Q: If the Cowboys cut Ken Hamlin and the Cardinals cut Antrel Rolle, do you see Dallas signing Rolle, or will they wait until the draft to address the position?
Bryan D. Cornelius via Facebook
A: The Cowboys are very unlikely to sign Antrel Rolle. They will be perfectly able to sign Rolle, as their Final Eight status does not limit their ability to sign players who were released, but Rolle is getting cut for a reason. He does make some big plays, but he also gives up a lot of the same. Say what you want about Ken Hamlin, but he does a good job of keeping the ball in front of him. Sometimes having a free safety whose name is not called a lot can be a good thing.
Many draftniks are projecting the Cowboys to draft a free safety in the first round, but we don’t see that happening either. Ken Hamlin is unlikely to get released, and the Cowboys have a rookie in Michael Hamlin behind him who didn’t play last year due to injury.
Alan Ball also gives the team a lot of versatility in his ability to play both cornerback and free safety. He could even compete for the starting job in camp.
If pressed, we would guess that the Cowboys opening day starters at safety will be the same as last season. This may not be what a lot of you will want to see, and we know we are in the minority concerning this issue, but we see the Cowboys likely to address other positions in free agency and the early draft.
Although we do not see safety as a top priority like most evaluators, the position could certainly be upgraded. Sensabaugh was solid but not great in 2009. He really did just about an average job in every aspect of the game, not making many big plays but not giving up many either (other than at Minnesota). If Dallas liked what they had in Gerald, they will have to re-sign him soon as he is a restricted free agent.
If the Cowboys are going to replace a safety, it will likely be FS Ken Hamlin. Hamlin had perhaps his worst year as a pro, getting beat often in coverage and displaying his usual below-average skills in run support. To his credit, he is more of a cerebral player than an incredible athlete. He is a big reason the Cowboys secondary rarely lined up incorrectly or blew a coverage.
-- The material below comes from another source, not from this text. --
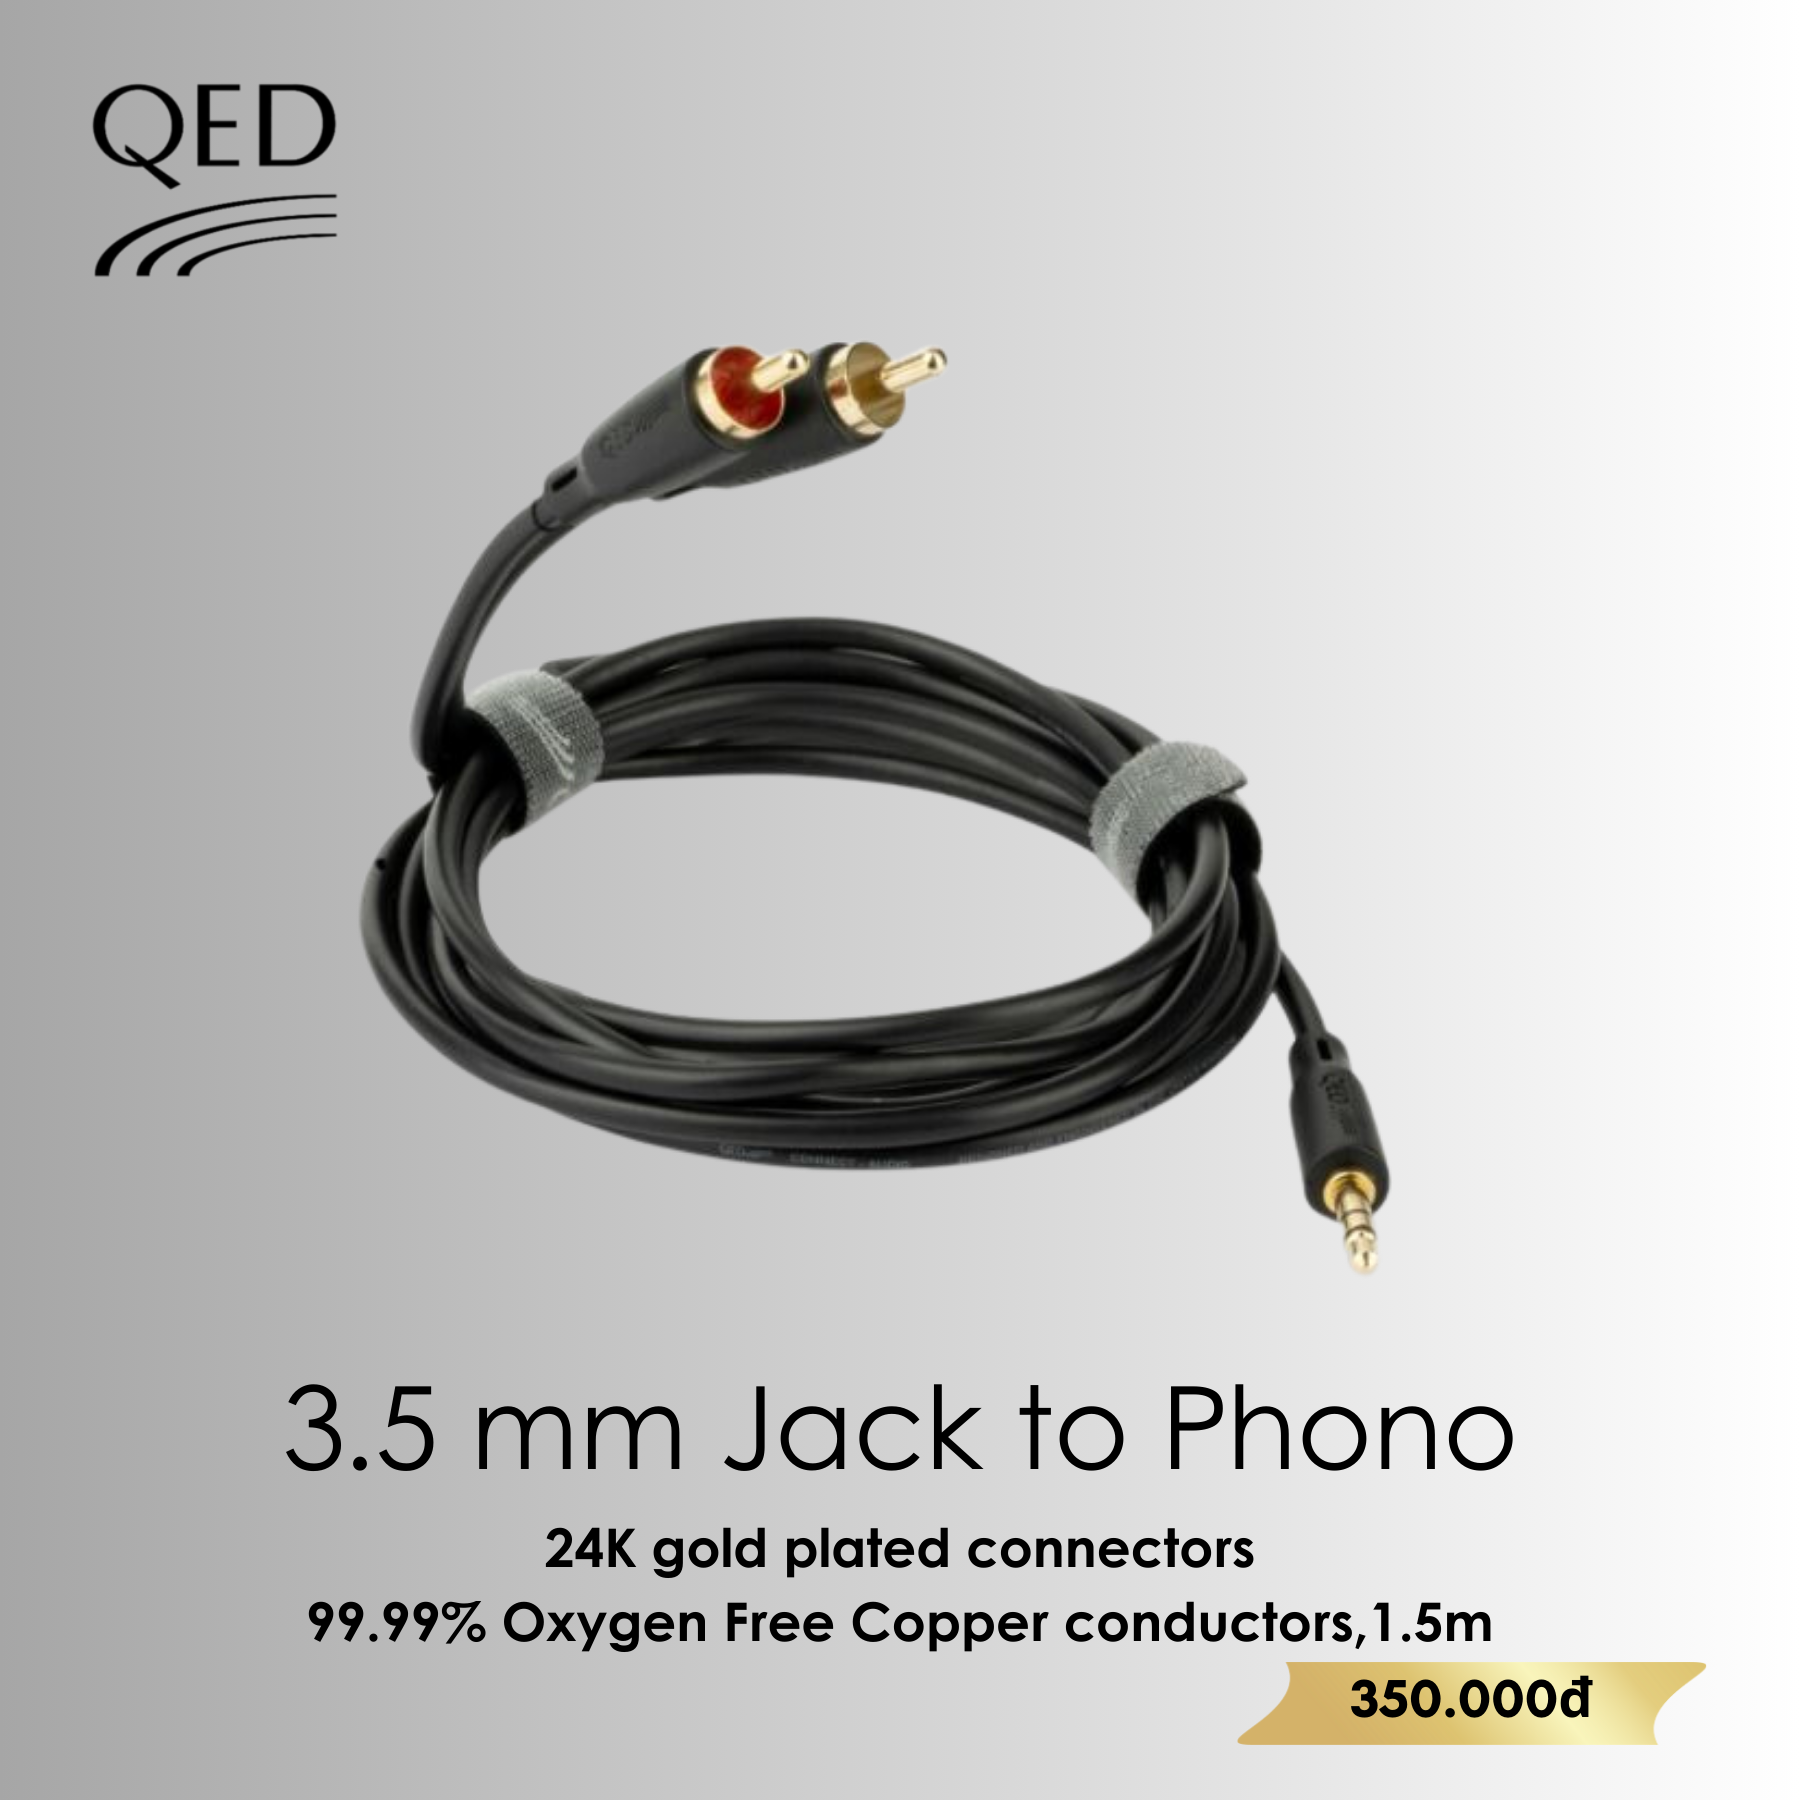 3.5 mm Jack to Phono

Alan Ball did a respectable job filling in for Hamlin during his injury, and he may have an opportunity to win the starting job in training camp. Dallas also has two rookie safeties from last year, Michael Hamlin and Stephen Hodge, although neither is likely to make a major impact on defense. All of this depth (along with Patrick Watkins, who may get cut) is why we don’t see the Cowboys being major players in finding a new safety.
If they choose to do so, there are various safety prospects the Cowboys could look at in both the first and second rounds, including Earl Thomas, Nate Allen, Chad Jones, Morgan Burnett, and, our current feature, Taylor Mays.
Mays is an athletic freak. At 6’4”, 225 pounds, Mays may run a sub-4.4 forty at the NFL Combine next week. He is a huge hitter who flies to the ball. He is solid in run support, but often goes for the big hit instead of wrapping up.
His success in run support is not matched by his ability in pass coverage. Mays has no shot at playing free safety in the NFL because he is just too much of a liability in coverage. He has poor hips and, although he has superb speed, he does not play as fast as he will test. His lack of production the past two years at USC is evidence of this. His change of direction is average at best, and his ball skills are all but non-existent.
In our opinion, Mays would be well-served moving to 4-3 outside linebacker in the NFL. He is a terrible fit for Dallas because, if they choose to upgrade the safety position, it will be for a ball-hawking free safety who excels in coverage. Let’s hope Jerry doesn’t fall in love with Mays’ Combine numbers and star power.
Mays should light up the Combine, so if teams overreact, he could go in the top 15 picks. More likely, however, is that his lack of on-field production will drop him into the 20’s. If he falls to Dallas, though, we expect them to pass due to his poor fit in the Cowboys’ system.